Etonkids International Educational Group (simplified Chinese: 伊顿国际教育集团; traditional Chinese: 伊頓國際教育集團) is an early education and K-12 services provider in the People's Republic of China.

The group operates three kindergarten brands: Etonkids International Kindergarten (simplified Chinese: 伊顿国际幼儿园; Traditional Chinese: 伊頓國際幼兒園); Etonkids Bilingual Kindergarten (Simplified Chinese: 伊顿双语幼儿园; Traditional Chinese: 伊頓雙語幼兒園); and Etonkids Huizhi Kindergarten (Simplified Chinese: 伊顿慧智幼儿园; Traditional Chinese: 伊頓慧智幼兒園).

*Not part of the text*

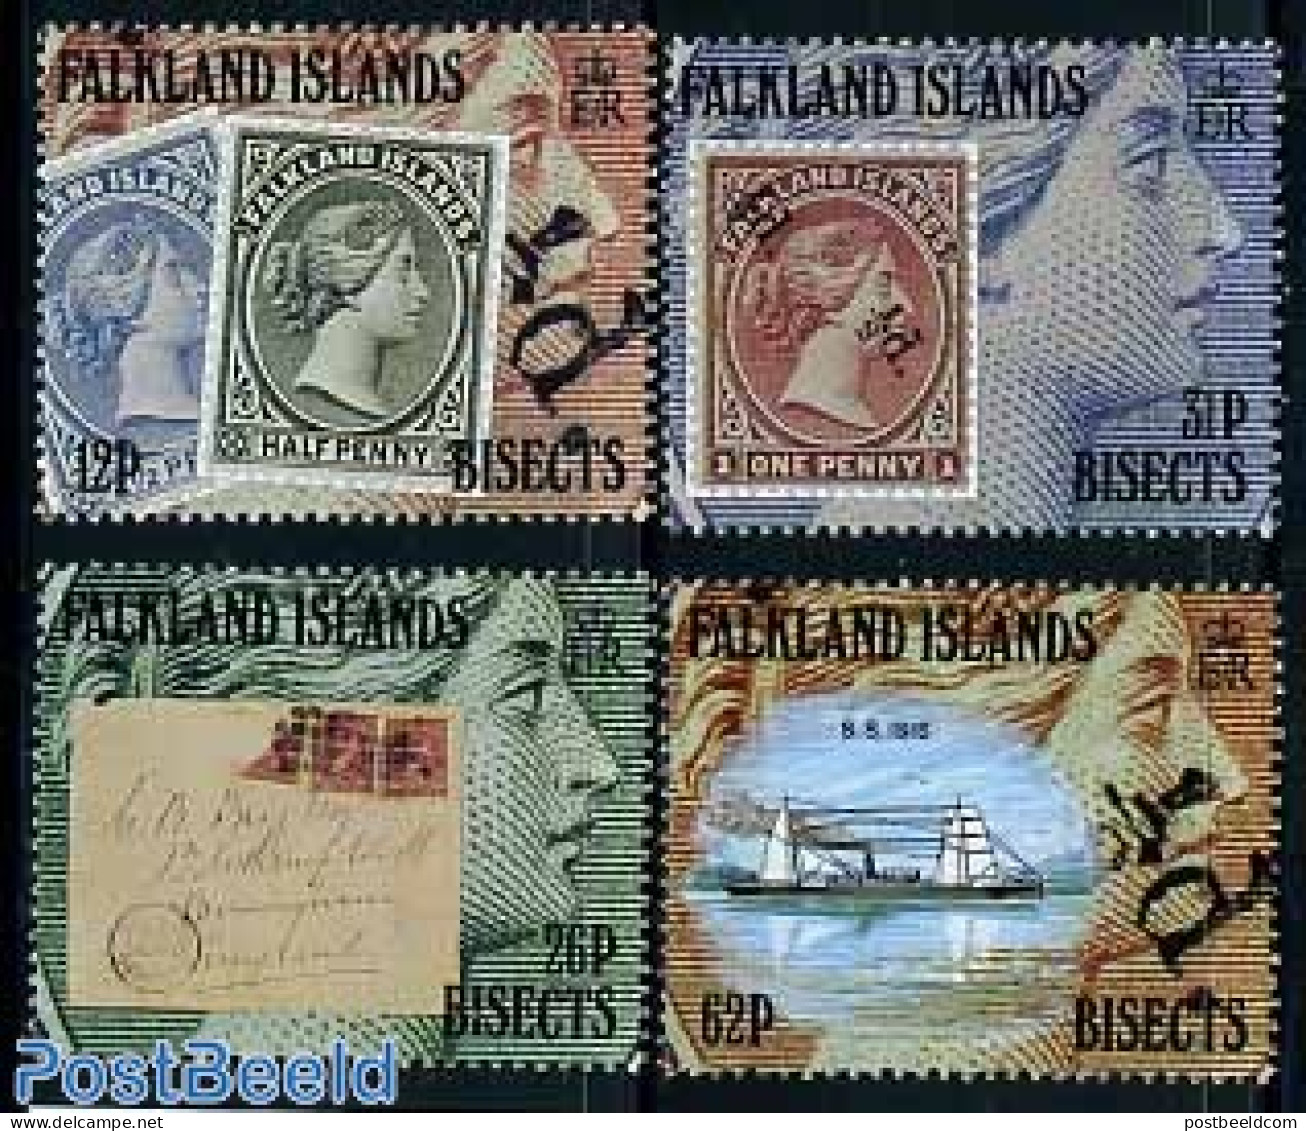 Falkland Islands 1991 Issue Of 1891 4v, Mint NH, Transport - Stamps On Stamps - Ships And Boats - Briefmarken Auf Briefmarken

The group manages kindergarten campuses in major Chinese cities and China's only indigenous American Montessori Society affiliated teacher-credentialing program. The group's headquarters are in Beijing, China.

Group details

History 

Founded in 2002, Etonkids states "our goal is to improve overall early education standards in China through establishing the country’s leading family of kindergartens."

Programs

Etonkids International Kindergarten
Etonkids International Kindergarten features complete English immersion and caters largely to expatiate families in Beijing.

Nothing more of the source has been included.